Una nota della 6° sezione della Corte di Cassazione stabilisce invece la non arbitrarietà di un'occupazione scolastica in quanto l'edificio non costituisce una realtà estranea agli studenti, che ne sono parte integrante: il reato consiste esclusivamente nell'interruzione di servizio pubblico (mai operata dagli studenti del Torricelli, che hanno occupato solo la sede succursale in via del tutto simbolica lasciando libera la sede di via S.Aloia, peraltro disertata nella giornata di occupazione).

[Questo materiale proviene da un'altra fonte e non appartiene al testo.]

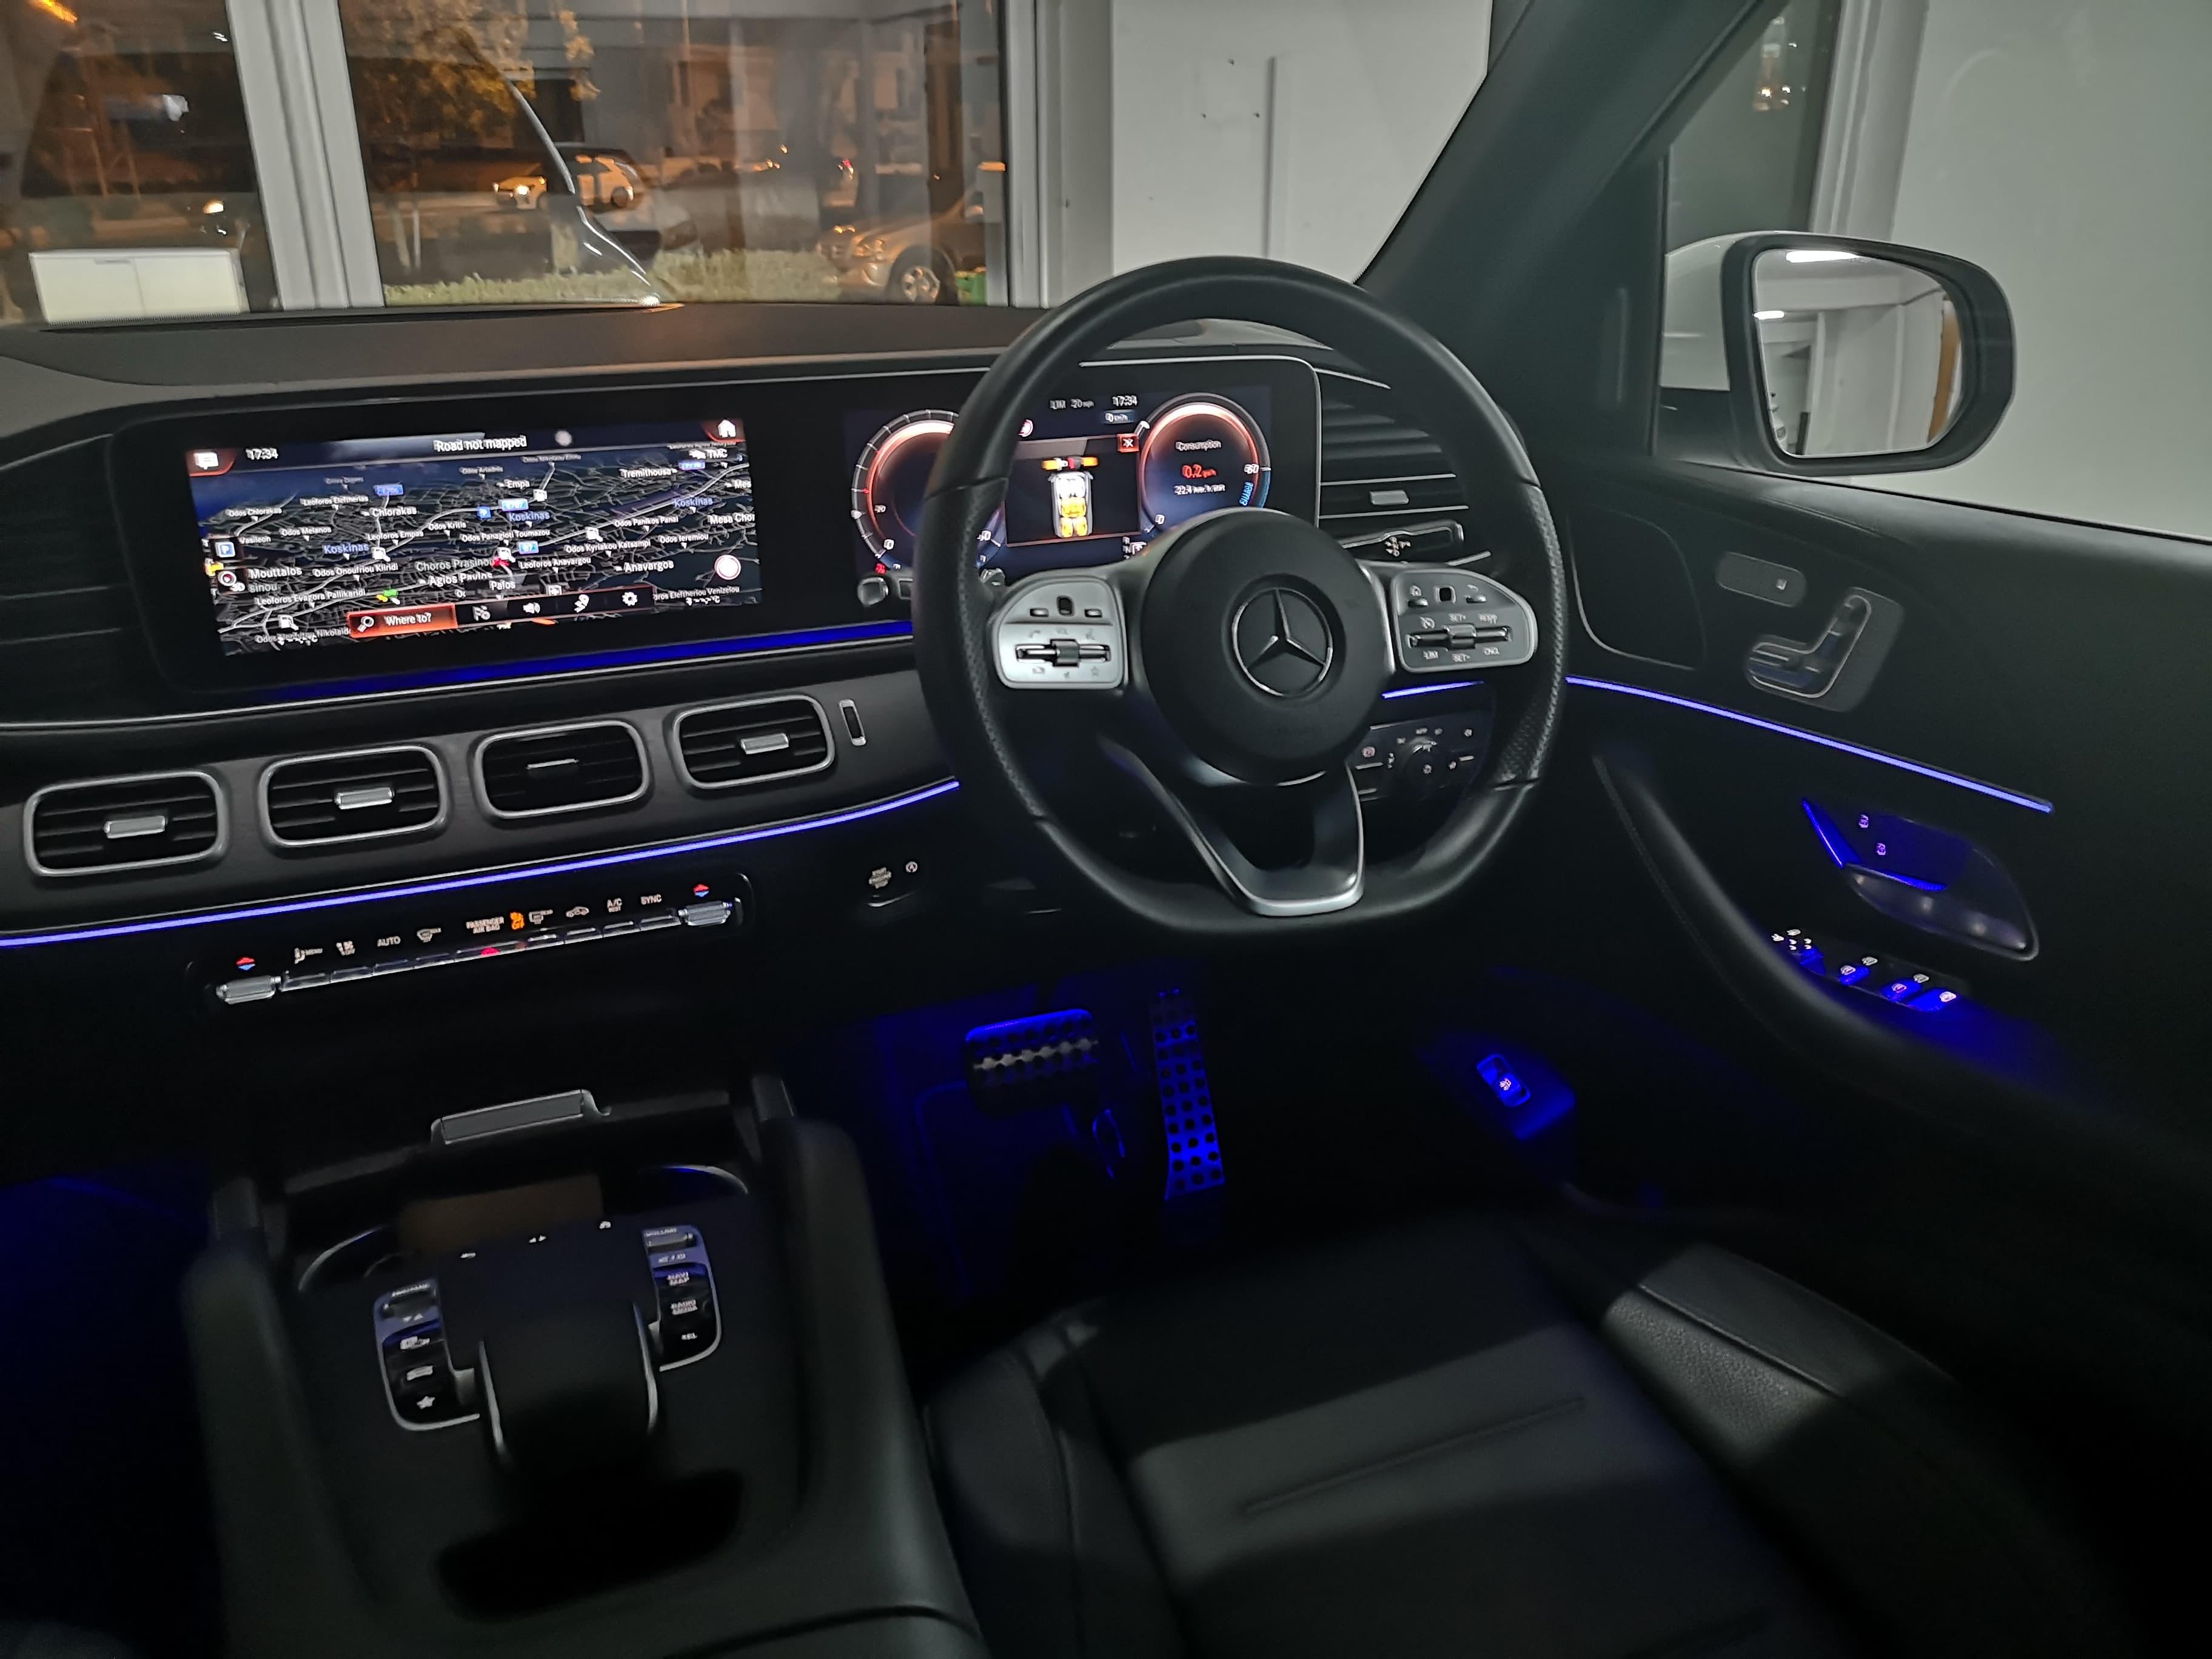 Mercedes GLE 300 D 4MATIC AMG LINE – 7 SEATS

C'è da aggiungere, inoltre, che una valutazione insufficiente del comportamento deve necessariamente tenere conto di sanzioni gravi irrogate precedentemente, mai ricevute dagli studenti del Torricelli e deve essere comunicata con adeguato anticipo alle famiglie dei giovani delinquenti.
Tanto esposto, invitiamo i Dirigenti scolastici del territorio a rivedere le valutazioni attribuite agli studenti che quotidianamente tentano di riportare la partecipazione studentesca a livelli alti e stimolano le coscienze dei propri compagni al pensiero critico mantenendo alta la bandiera del diritto allo studio. “Non si insegnano le regole senza rispettarle”.